The suspects are already known to the Egyptian authorities, Italian officials said. Prosecutors mentioned the five in a 70-page police report delivered to Cairo last year. They were interrogated by Egyptian officials several times this year, but did not provide useful information or convincing answers, a senior Italian investigator said.

“We had to give a strong signal at this point,” said the investigator, who spoke on the condition of anonymity because he was not authorized to speak to the news media. “We couldn’t wait any longer.”

Still, Italian officials admit they have limited leverage over Egypt, which will decide the fate of the five suspects, all male employees of one of Egypt’s powerful main security agencies.

And even if they were brought to trial, it is unclear whether they would be held responsible for the torture and killing of Mr. Regeni, who was in Egypt to research labor unions for his thesis at Cambridge University in Britain.

The National Security Agency officers followed Mr. Regeni after his arrival in Cairo, but Italian and American officials believe that one of Egypt’s two other major security agencies, both of which have close ties to President Abdel Fattah el-Sisi, may also have played a role in his death.

One of those agencies, Military Intelligence, was once led by Mr.

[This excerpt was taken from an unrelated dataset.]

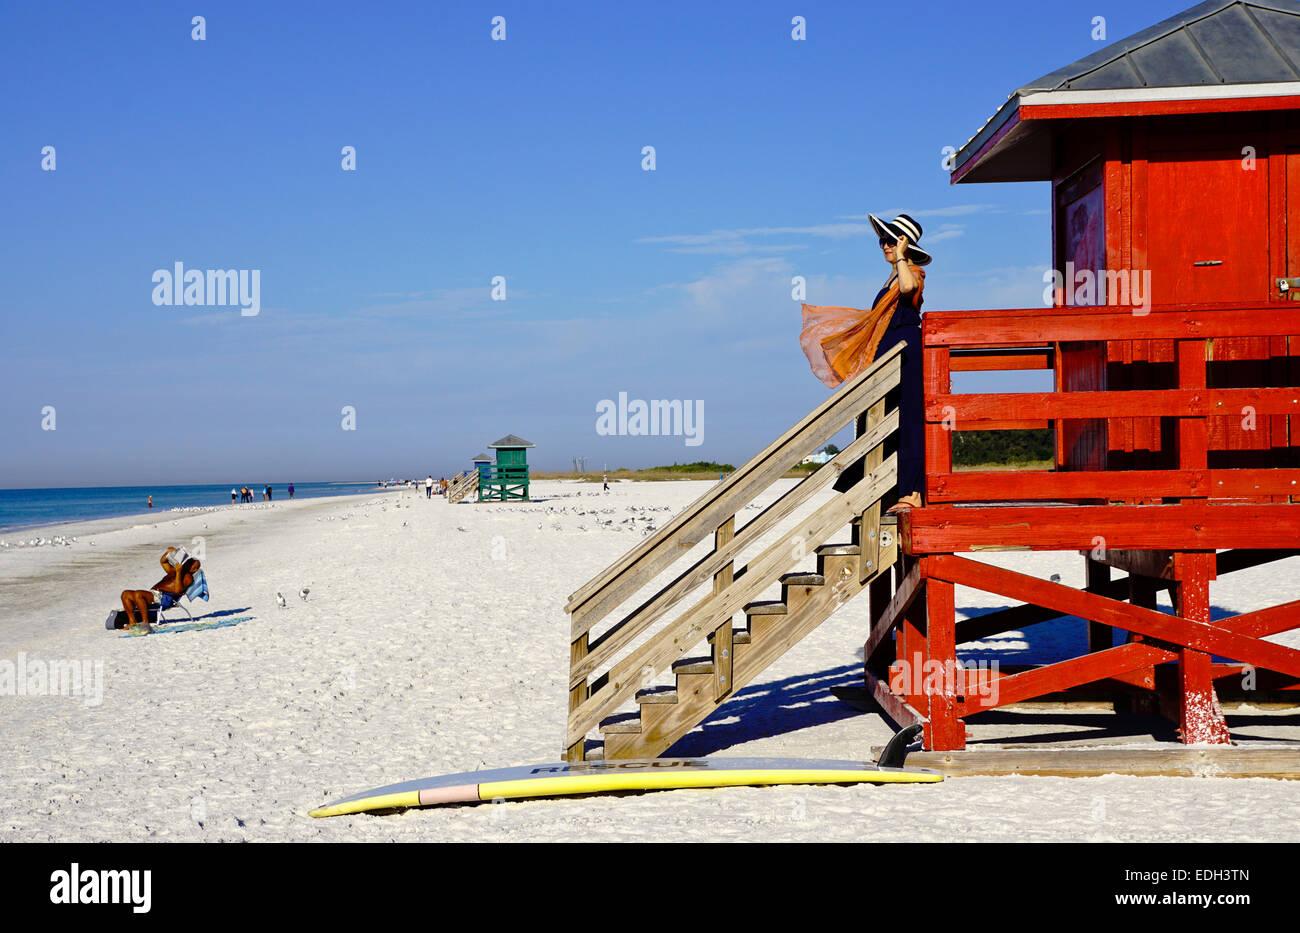 Siesta Key Beach lifeguard tower in Sarasota, Florida. - Stock Image

Sisi and has grown immensely powerful since he came to power in a 2013 military takeover. The other, the General Intelligence Directorate, is led by a longtime loyalist of the president and is dominated by Mr. Sisi’s son Mahmoud el-Sisi.

The five suspects identified by Italian prosecutors occupy much lower positions in Egypt’s security apparatus. Nonetheless, the Italian announcement is at least a notable shift in the tone of an investigation that has always been troubled by delays and dead ends.

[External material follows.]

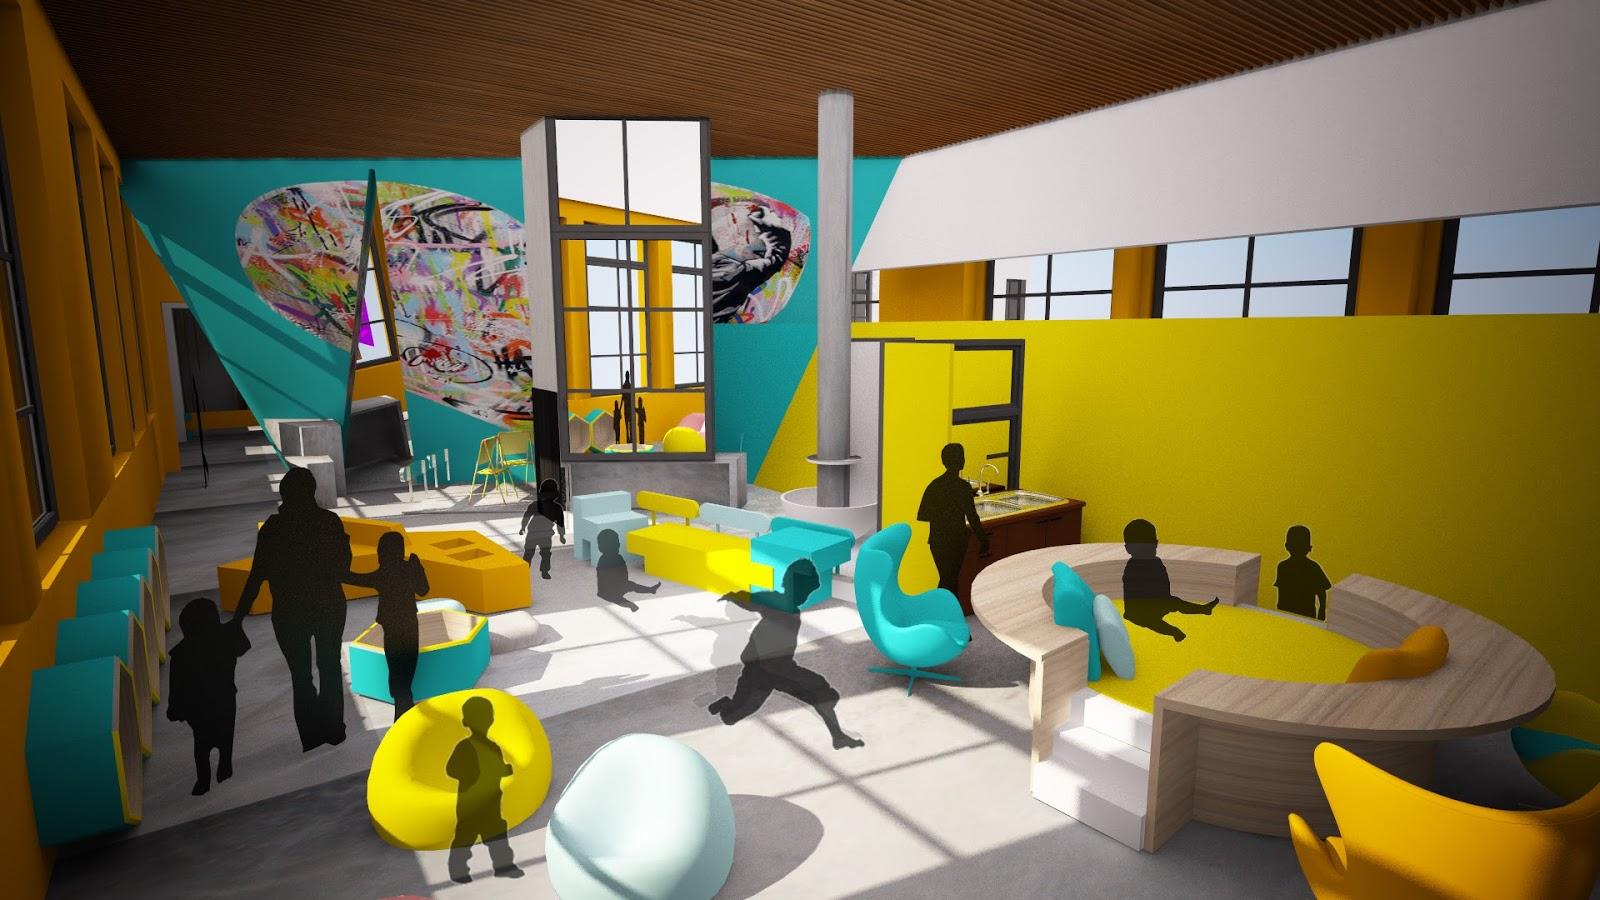 une cr che interg n rationnelle projet professionnel bts. Black Bedroom Furniture Sets. Home Design Ideas

In March 2016, Egyptian officials faced accusations of a botched cover-up after the Cairo police shot and killed five men they had accused of killing Mr. Regeni. Italy rejected that explanation, even after the Egyptian police produced Mr. Regeni’s passport, which they said had been found in an apartment of one of the dead men, — indirect proof, Italian officials said, that the true culprits were with Egyptian security.

Italian patience with the dragging investigation appeared to run short last week, after a meeting in Cairo between Egyptian and Italian prosecutors.

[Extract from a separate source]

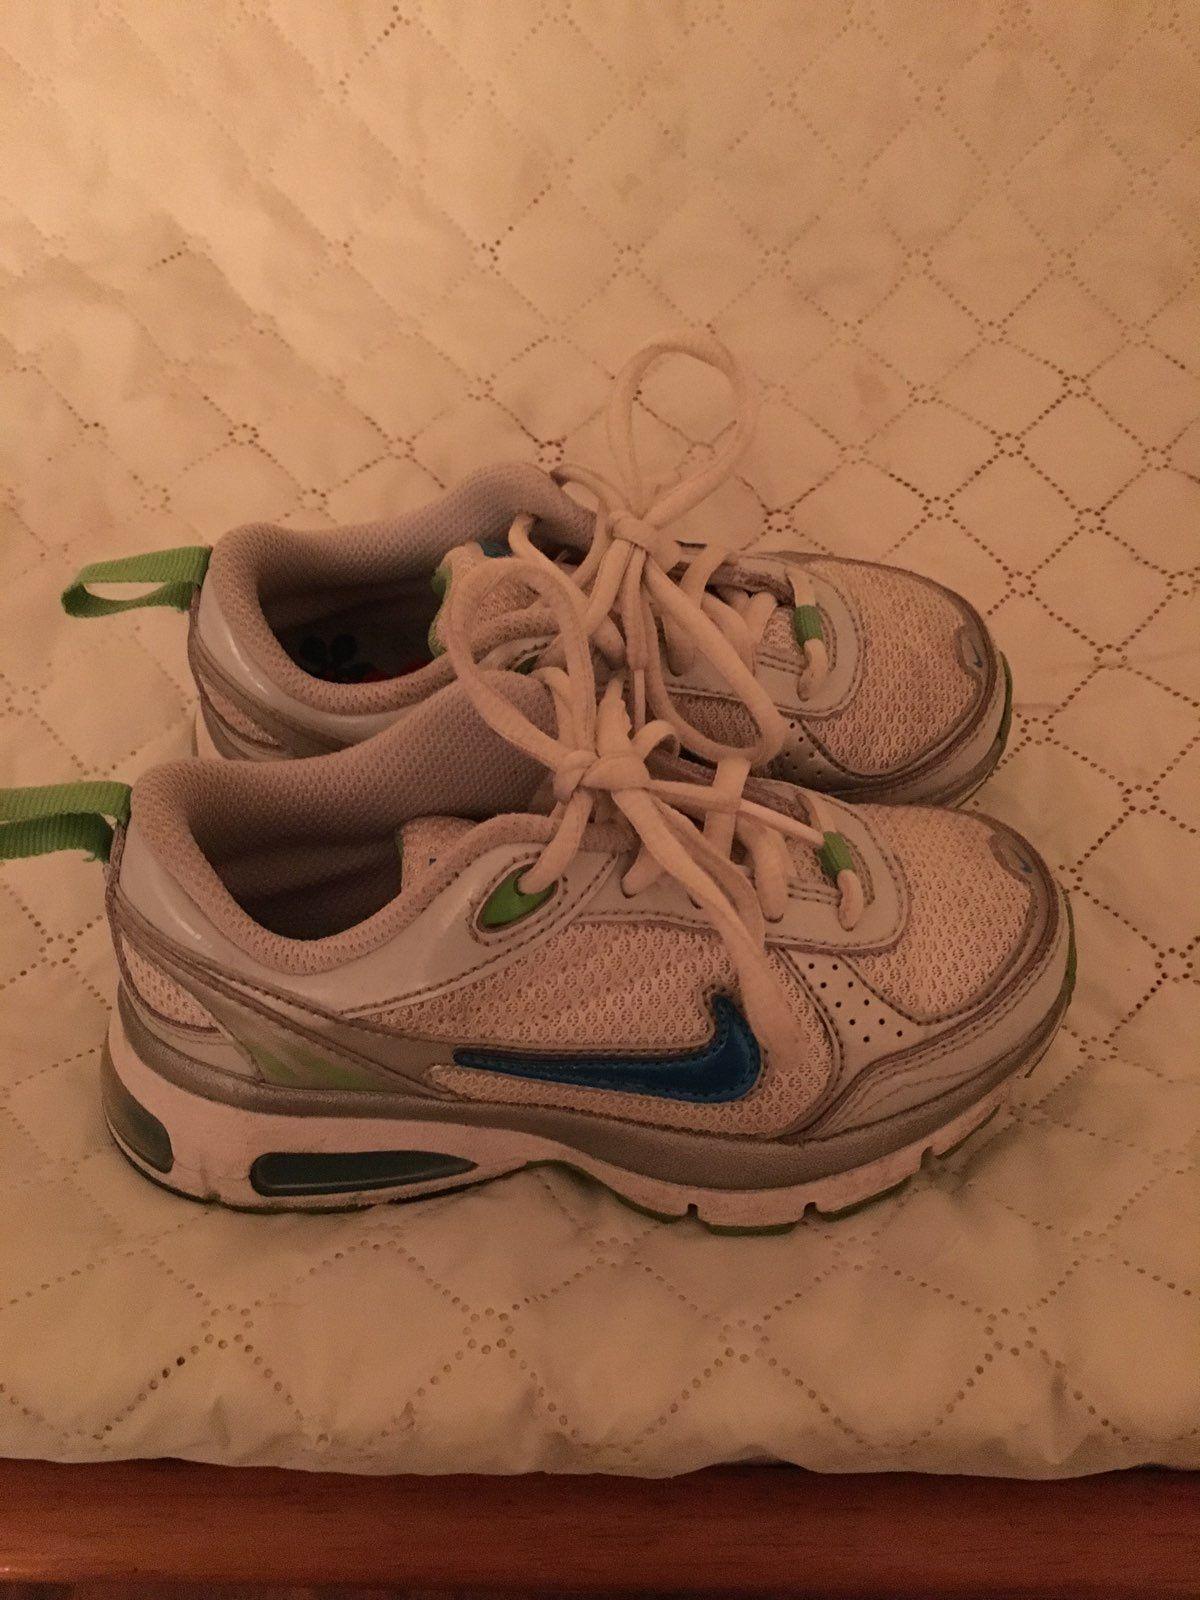 Nike Tennis Shoes For Toddler Girl Style Guru Fashion

The two sides discussed surveillance footage from the station where Mr. Regeni was believed to have disappeared in January 2016. After Egypt handed over the footage in May, Italian officials were dismayed to discover that the portions where Mr. Regeni might have been present had been erased.

At the meeting in Cairo, the Egyptians showed their Italian counterparts an email from a Russian engineer explaining that the frames in question had been overwritten by later surveillance recordings. The same day, the Rome Prosecutor’s Office said it would issue an order to put National Security Agency suspects under investigation.

On national television in Italy, the speaker of the lower house of Parliament, Roberto Fico, called the move “fair, strong and courageous,” and announced that Parliament was breaking ties with its Egyptian counterpart. Shortly after that, Foreign Minister Enzo Moavero Milanesi summoned the Egyptian ambassador, Hisham Badr, and urged the Egyptian government to act quickly and show “tangible progress” in the investigation, according to a statement.

Since coming to power in June, Italy’s populist coalition government has vowed to press Mr. Regeni’s case. The deputy prime ministers, Matteo Salvini, who leads the League Party, and Luigi Di Maio, who leads the anti-establishment Five Star Movement, met separately with Mr. Sisi in Cairo over the summer. Both said the Egyptian president had repeated earlier assurances of full cooperation in the investigation.

In practice, though, Egyptian officials often seem concerned with tangential matters. In its statement on Sunday, the State Information Service questioned whether Mr. Regeni’s visa was in order at the time of his death because he had entered Egypt on a tourist visa.

Mr. Regeni’s supporters dismissed the issue as another attempt to muddy the waters. “It’s just another delaying tactic,” said Paz Zárate, a lawyer and friend of Mr. Regeni. “The Egyptians tried to blame Giulio many times for things that were irrelevant or invented. He would never do anything illegal.”